→ **Work order**
Once the pictures are set aside, transcribe the remaining data exactly.

→ **Data shown**
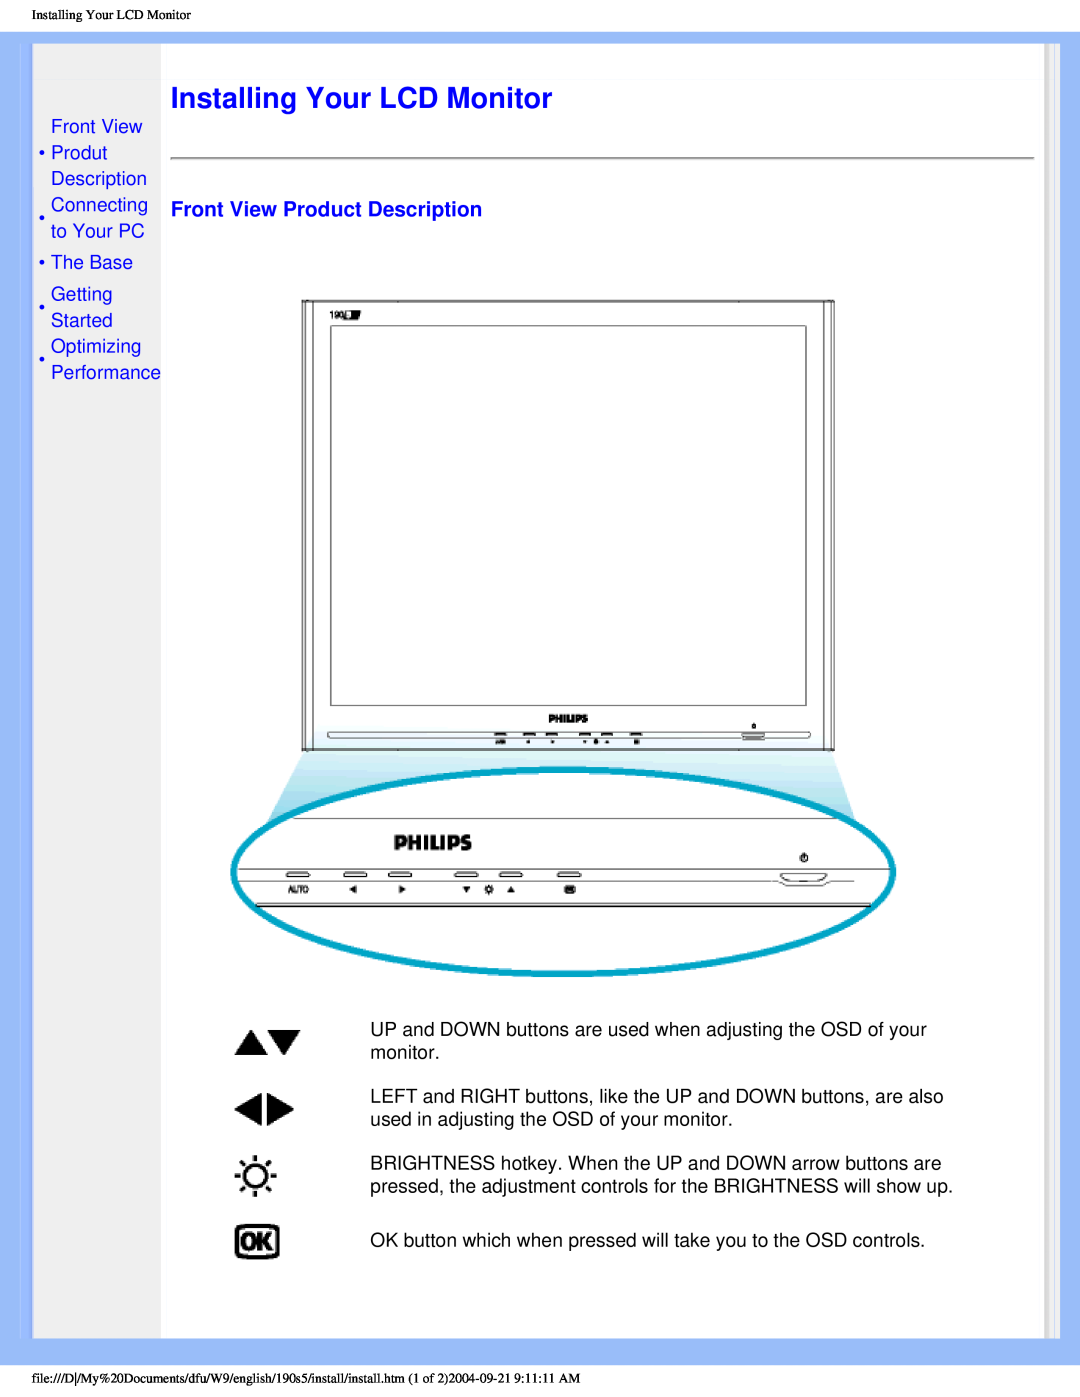 Philips 190S5 user manual Installing Your LCD Monitor, Front View Product Description, Front View Produt Description 
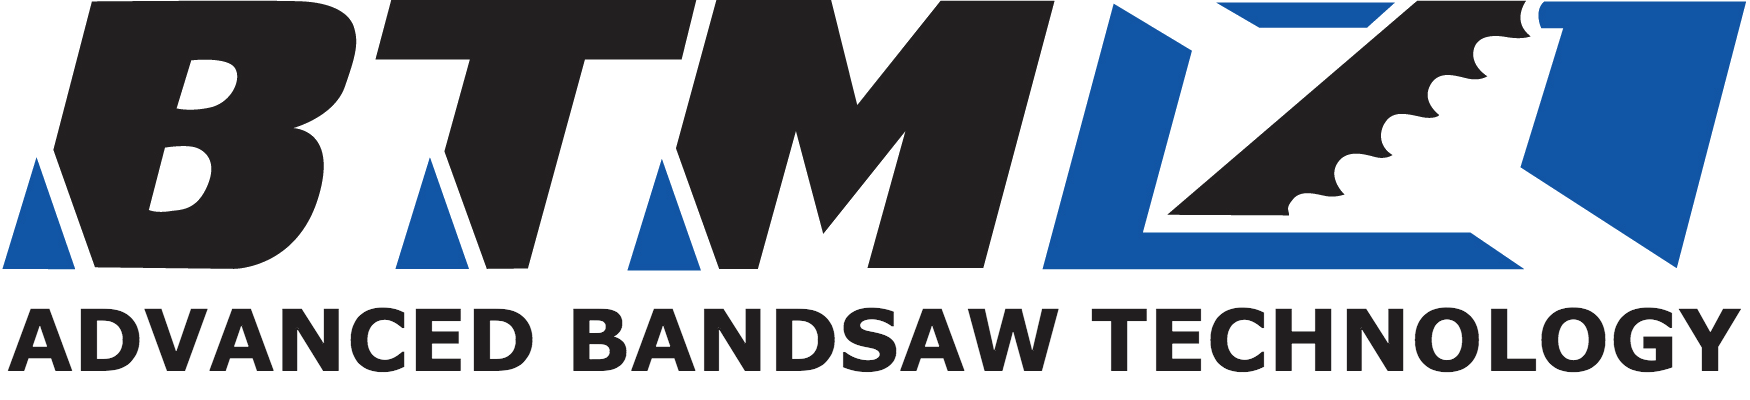 Btm Logo - BTM Saws
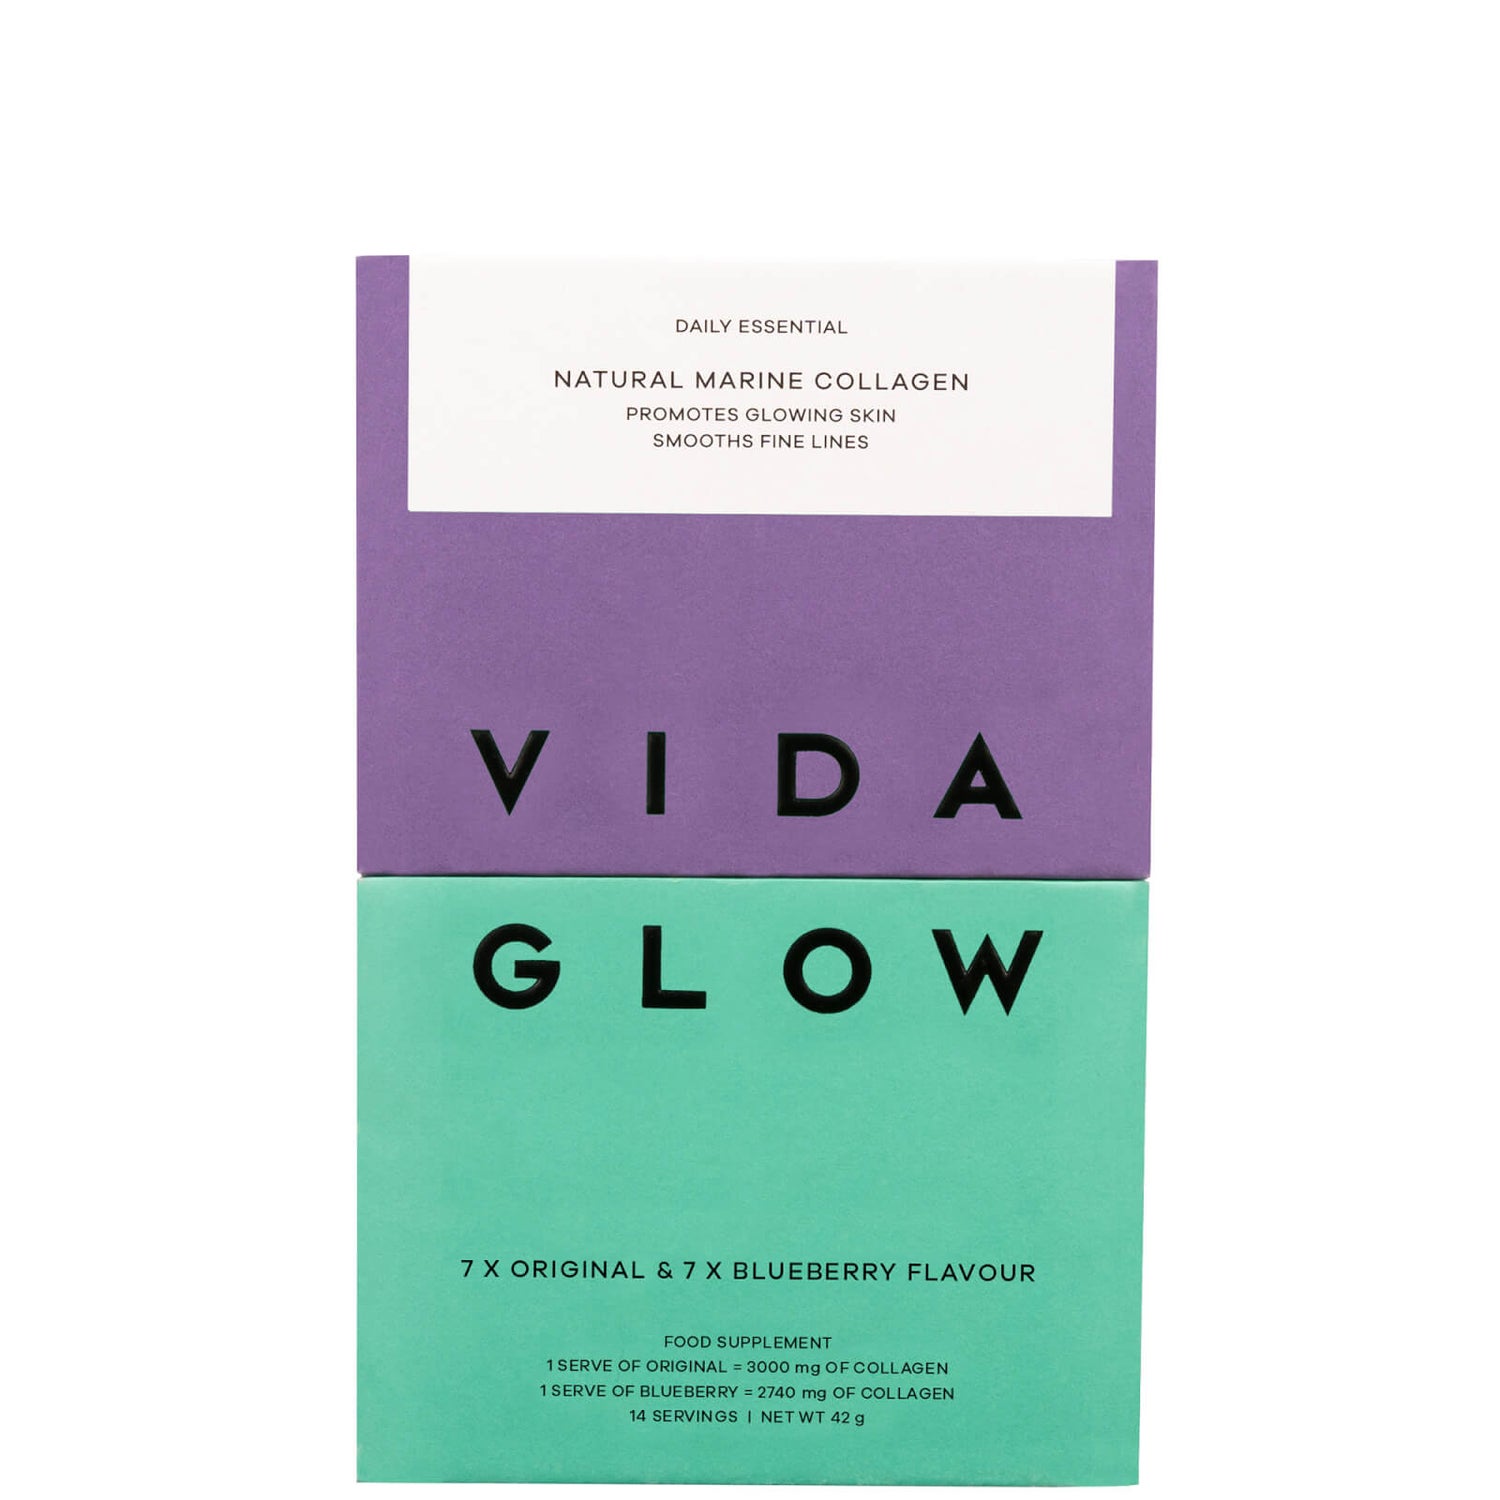 Vida Glow Mixed Natural Marine Collagen Trial Pack – 14 serves
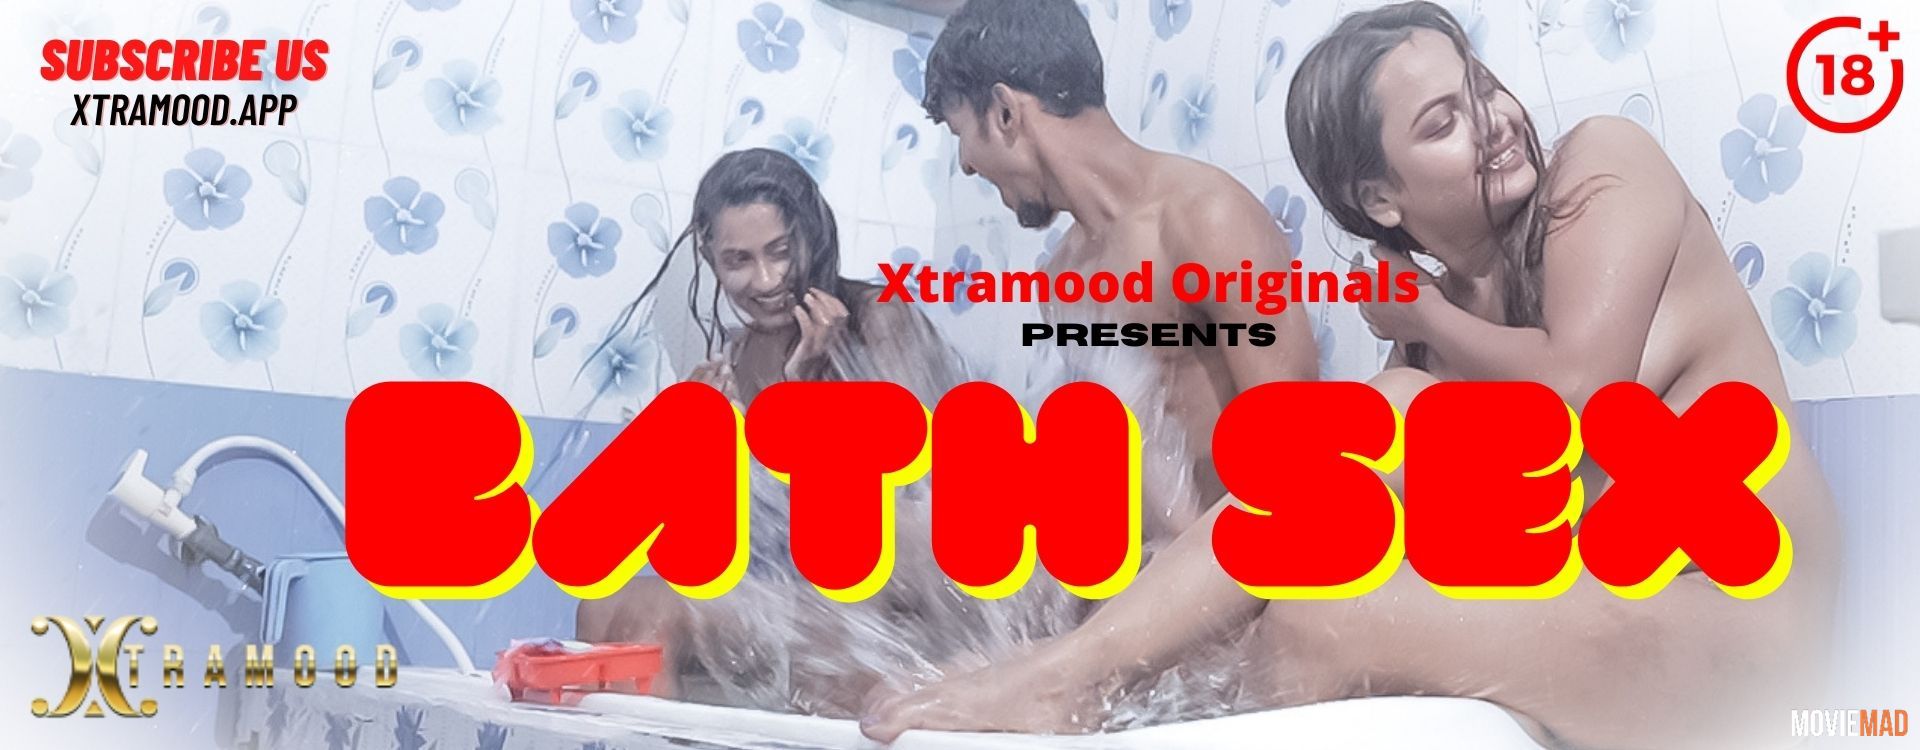 full moviesBath Sex 2021 Xtramood Originals Hindi Short Film HDRip 720p 480p

→ **Output for this task**
 Philips 190S5 user manual Installing Your LCD Monitor, Front View Product Description, Front View Produt Description 
 Btm Logo - BTM Saws
 Vida Glow Mixed Natural Marine Collagen Trial Pack – 14 serves
 full moviesBath Sex 2021 Xtramood Originals Hindi Short Film HDRip 720p 480p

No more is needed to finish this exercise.